Computational and Mathematical Excellence May 26, 2002
For nearly 30 years, Padberg has been a leader in computational integer programming and in combinatorial optimization theory.
In practice, Padberg has helped to design and implement "branch-and-cut" methods for finding exact optimal solutions to large traveling salesman problems, and this approach is a method of choice for finding approximately optimal solutions to tough industrial problems. The book provides the mathematical and computational background for understanding branch-and-cut; the established mathematical texts by Nemhauser and Wolsey and by Schrijver are less detailed and more condensed, and omit numerical issues. The treatment of modern simplex algorithms for linear programming---updating LU factorizations and using column- and constraint-generation and -purging---is excellent, and a large bibliography contains recent references. Besides industrial and Berlin-airlift scheduling problems, the book contains TSP examples of circuit-board wiring, U.S. state capitals, and Odysseus!
Three more highlights: The double description algorithm receives a complete description, and this is useful for combinatorial geometers. The discussion of integer-arithmetic and complexity theory is very readable, and these technical topics are slighted by interior-point books (besides Wright's quickie), despite their importance in integer programming and combinatorial optimization. The discussion of interior-point algorithms emphasizes projective geometry, a beautiful theory that has inspired so much of optimization theory---besides Karmarkar's interior-point algorithm, Dantzig's simplex algorithm, Fenchel duality, Davidon's conic algorithm for nonlinear optimization, etc.).

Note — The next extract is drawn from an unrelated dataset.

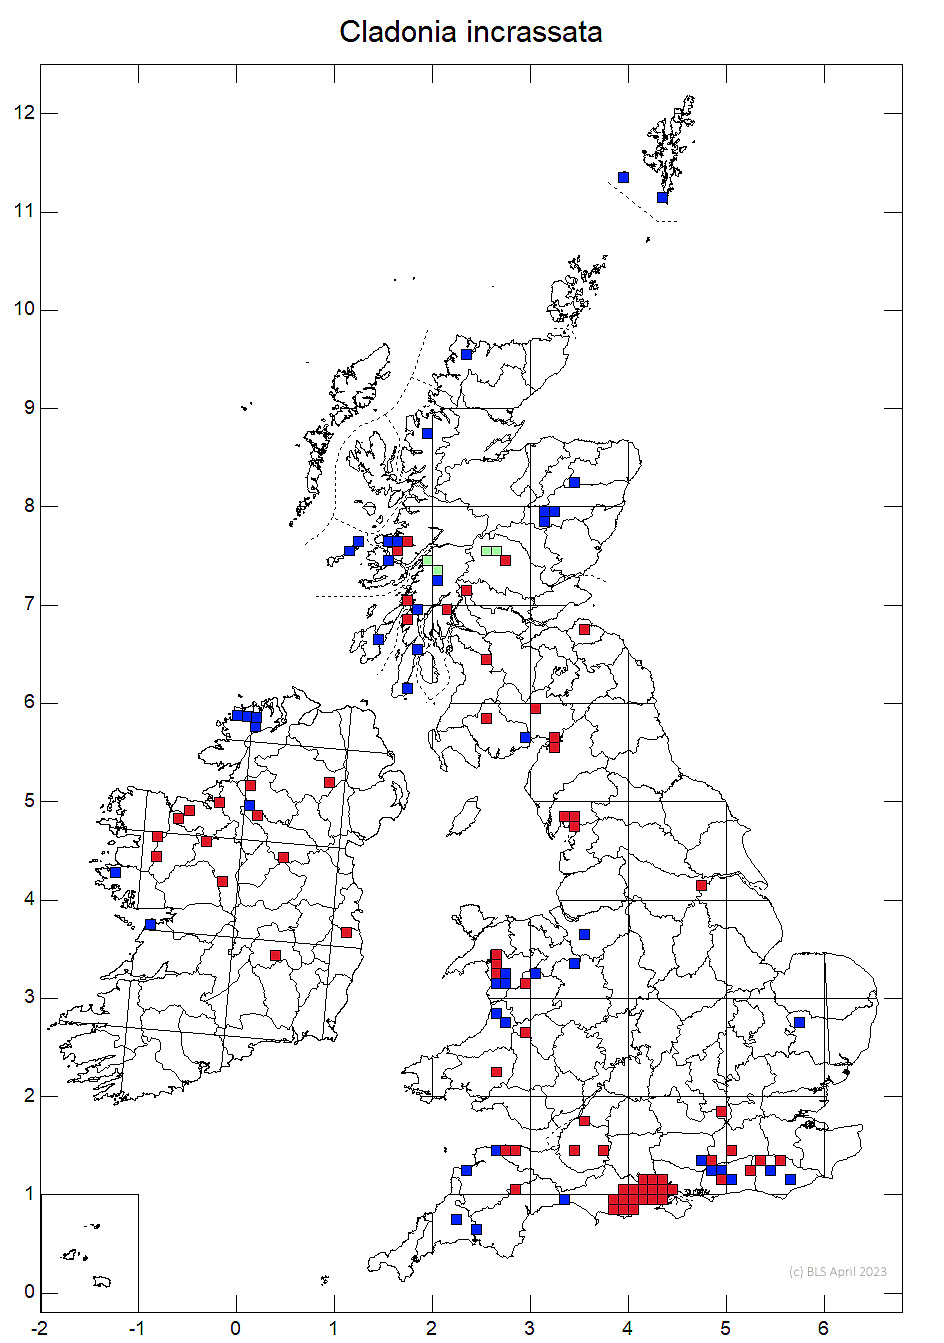 Cladonia incrassata 10km sq distribution map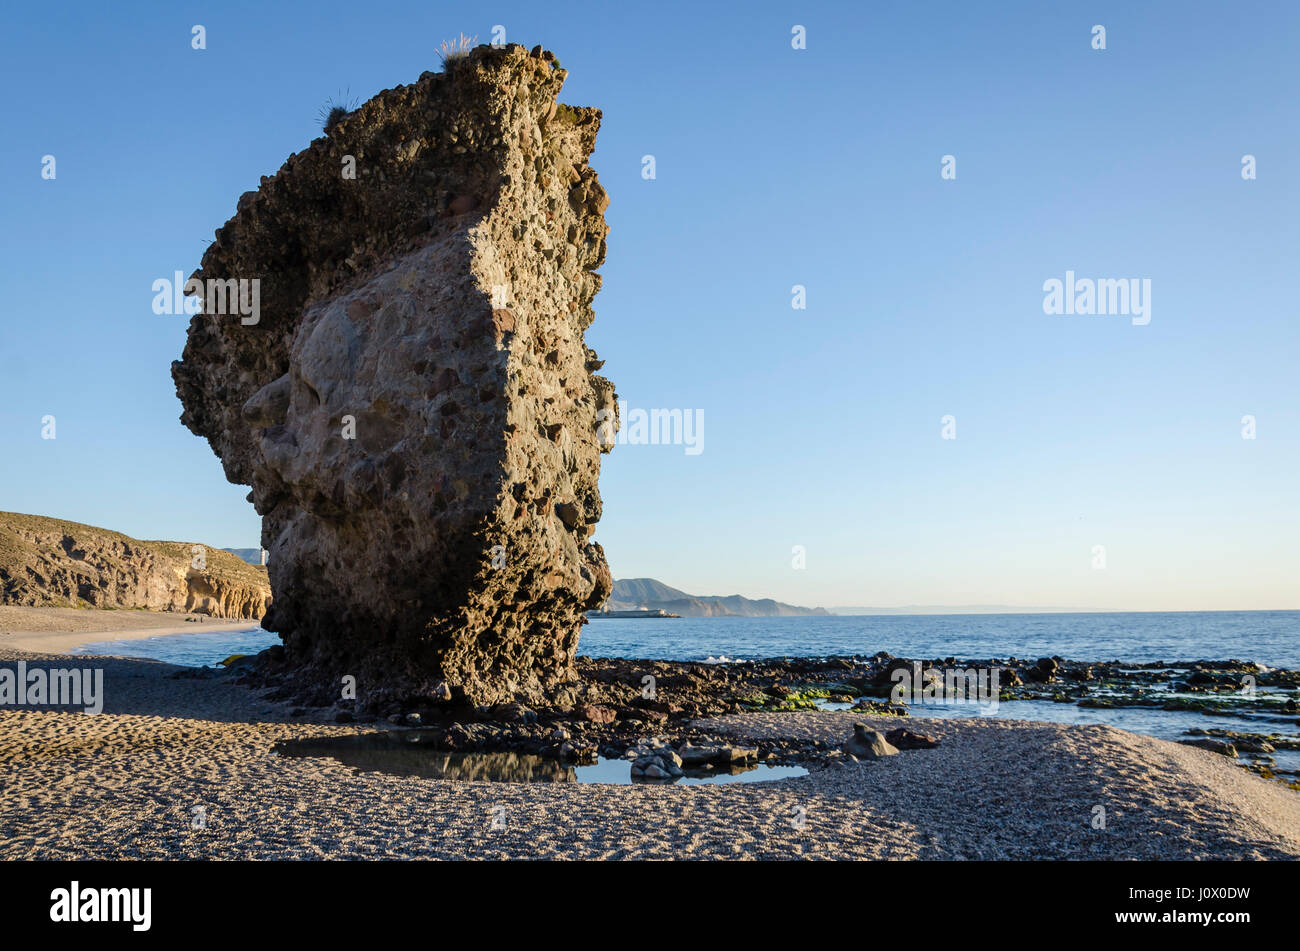 A view of a big rock in Dead beach, Almería province, Spain. Stock Photo

The book is not a comprehensive survey of linear programming, and lacks a treatment of Nesterov's theory of self-concordant barrier-functions. Also, no treatment is given of pivoting algorithms besides Dantzig's (e.g., Terlaky's criss-cross method, Todd's oriented matroid algorithm).
A good reference for Linear Programming Theory Jun 1, 2000
This book is certainly a very good reference for theoretical topics of linear programming. It covers the Simplex method and the Ellipsoid algorithms. It also covers the geometry of linear programming (polyhedra and polytopes, etc). It certainly covers more topics than most other linear programming texts. As expected, a book writen for theoretical topics is certainly not easy to read, especially for people with no training in doing rigorous mathematical proofs. Also, not many examples or illustrations are given in this book, and this might be a problem for some readers.